Klorida adalah ion bermuatan negatif utama di luar sel dan biasanya mengikuti natrium secara erat. Klorida berperan dalam osmolalitas, dalam distribusi cairan, dan dalam keseimbangan asam-basa, karena ia bertukar dengan bikarbonat. Klorida diperiksa terutama untuk mempertajam gambaran yang diberikan elektrolit lain, bukan secara tersendiri.
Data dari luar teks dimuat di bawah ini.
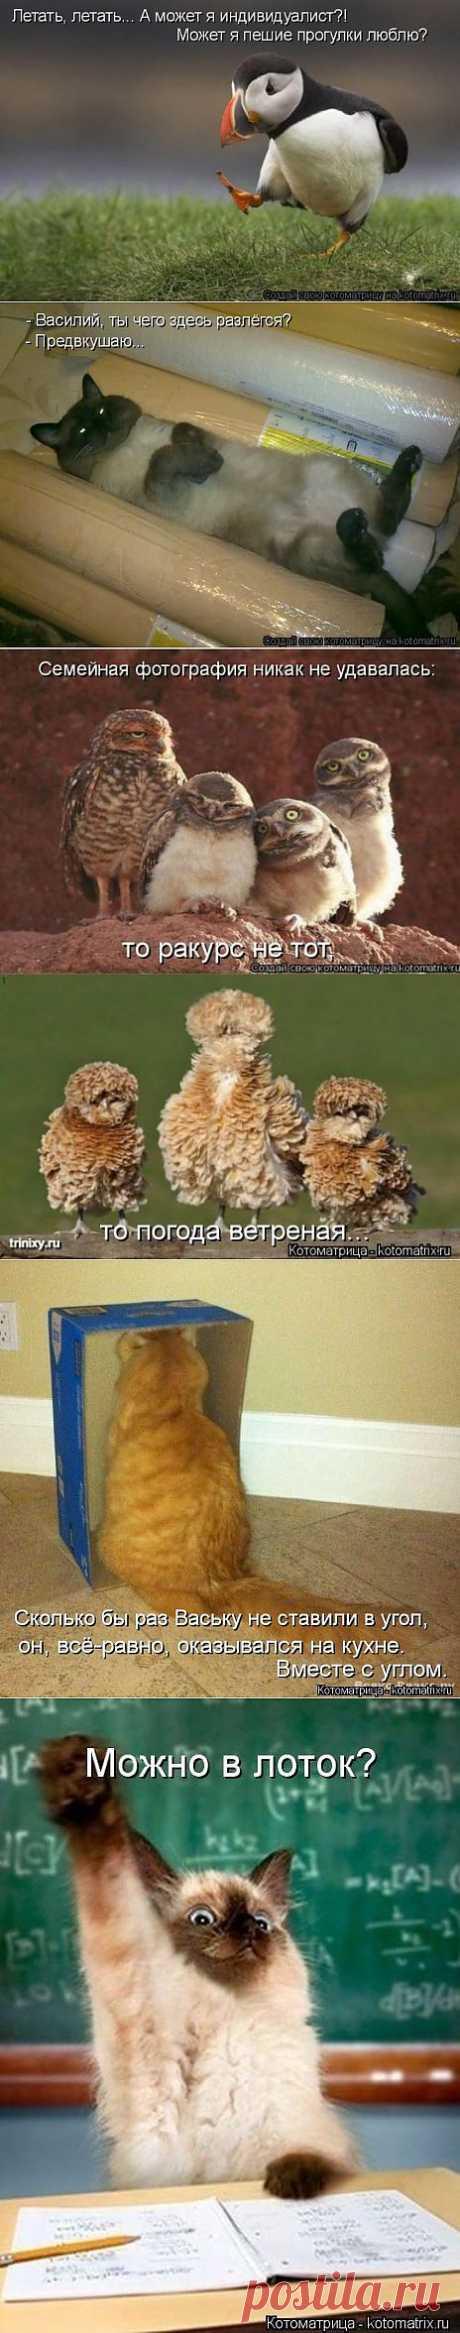 Давайте улыбнёмся)))   ОБОРЖАКА ;)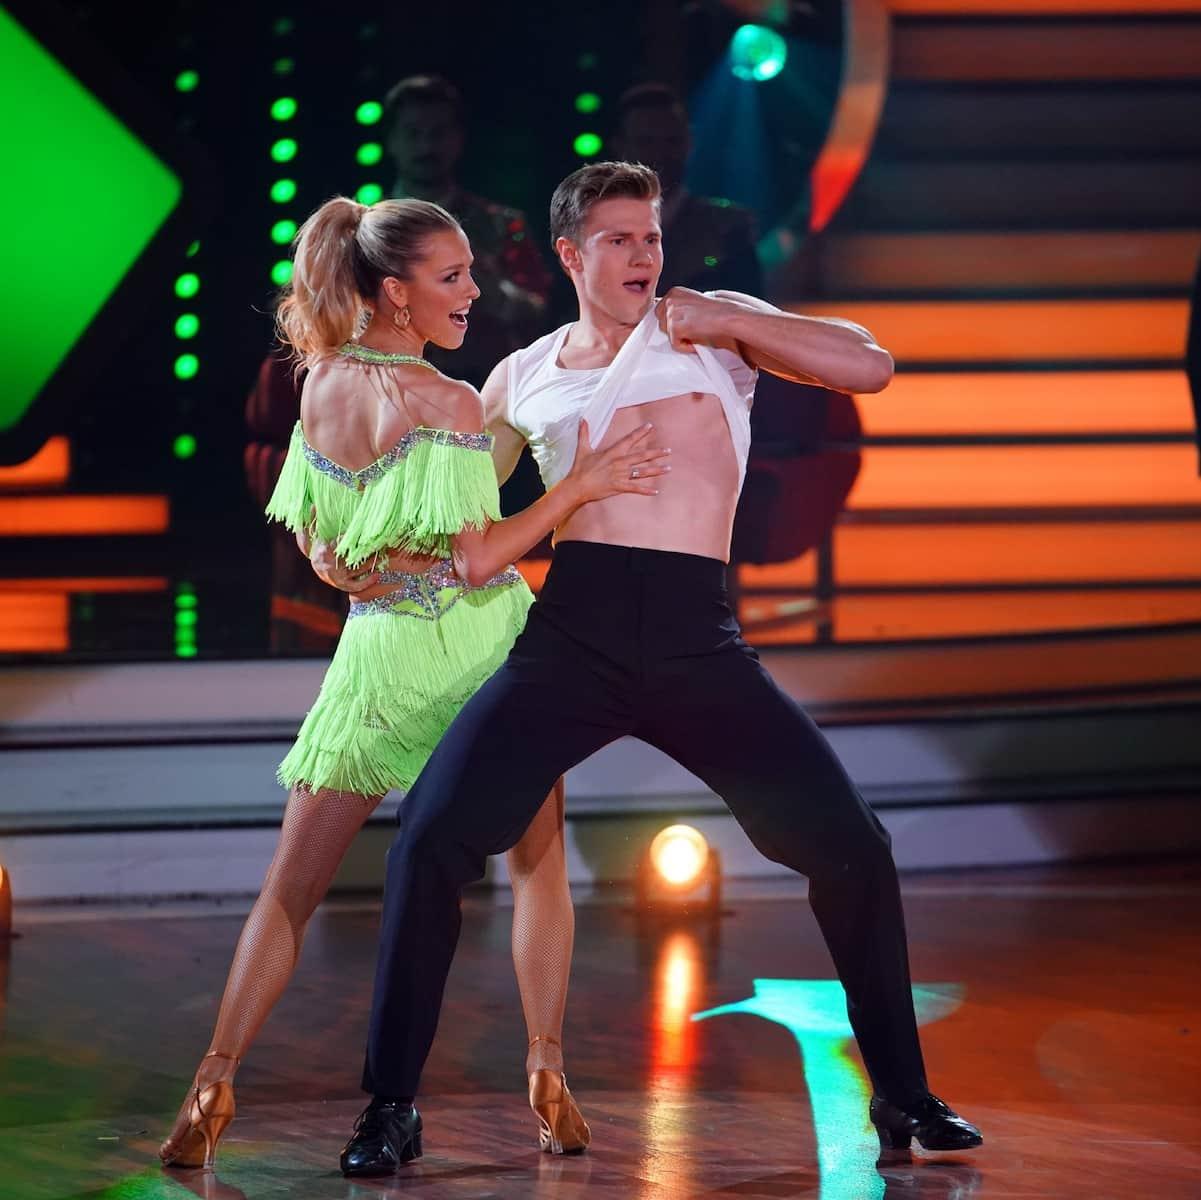 Patricija Belousova und Simon Zachenhuber - Ausgeschieden bei Let's dance am 21.5.2021

Belum ada hasil untuk penanda ini.
Klorida yang meningkat paling sering menyertai dehidrasi dengan kehilangan air, dan muncul pada asidosis metabolik yang disertai kehilangan bikarbonat melalui saluran cerna atau ginjal, atau setelah pemberian salin dalam jumlah besar. Klorida yang menurun paling sering menyusul muntah berkepanjangan atau drainase lambung, penggunaan diuretik, dan penyakit paru kronik dengan retensi karbon dioksida. Karena klorida mengikuti natrium, perubahan ke arah yang sama dengan natrium biasanya menunjuk pada keseimbangan air, sedangkan pergerakan yang berlawanan menunjuk pada gangguan asam-basa. Penafsirannya merupakan wewenang dokter, bukan angka semata.
Lemak darah atau protein yang sangat tinggi dapat mendistorsi kadar terukur, dan sediaan yang mengandung bromida mengganggu sebagian metode pemeriksaan. Infus, muntah, atau diuretik yang baru terjadi pada hari pengambilan darah menggeser hasilnya. Klorida dibaca bersama natrium, kalium, dan bikarbonat, paling sering melalui anion gap.
Rentang referensi adalah nilai umum untuk dewasa dan bergantung pada laboratorium, metode uji, usia, dan jenis kelamin. Hanya sebagai gambaran, bukan diagnosis — diskusikan hasil dengan dokter Anda.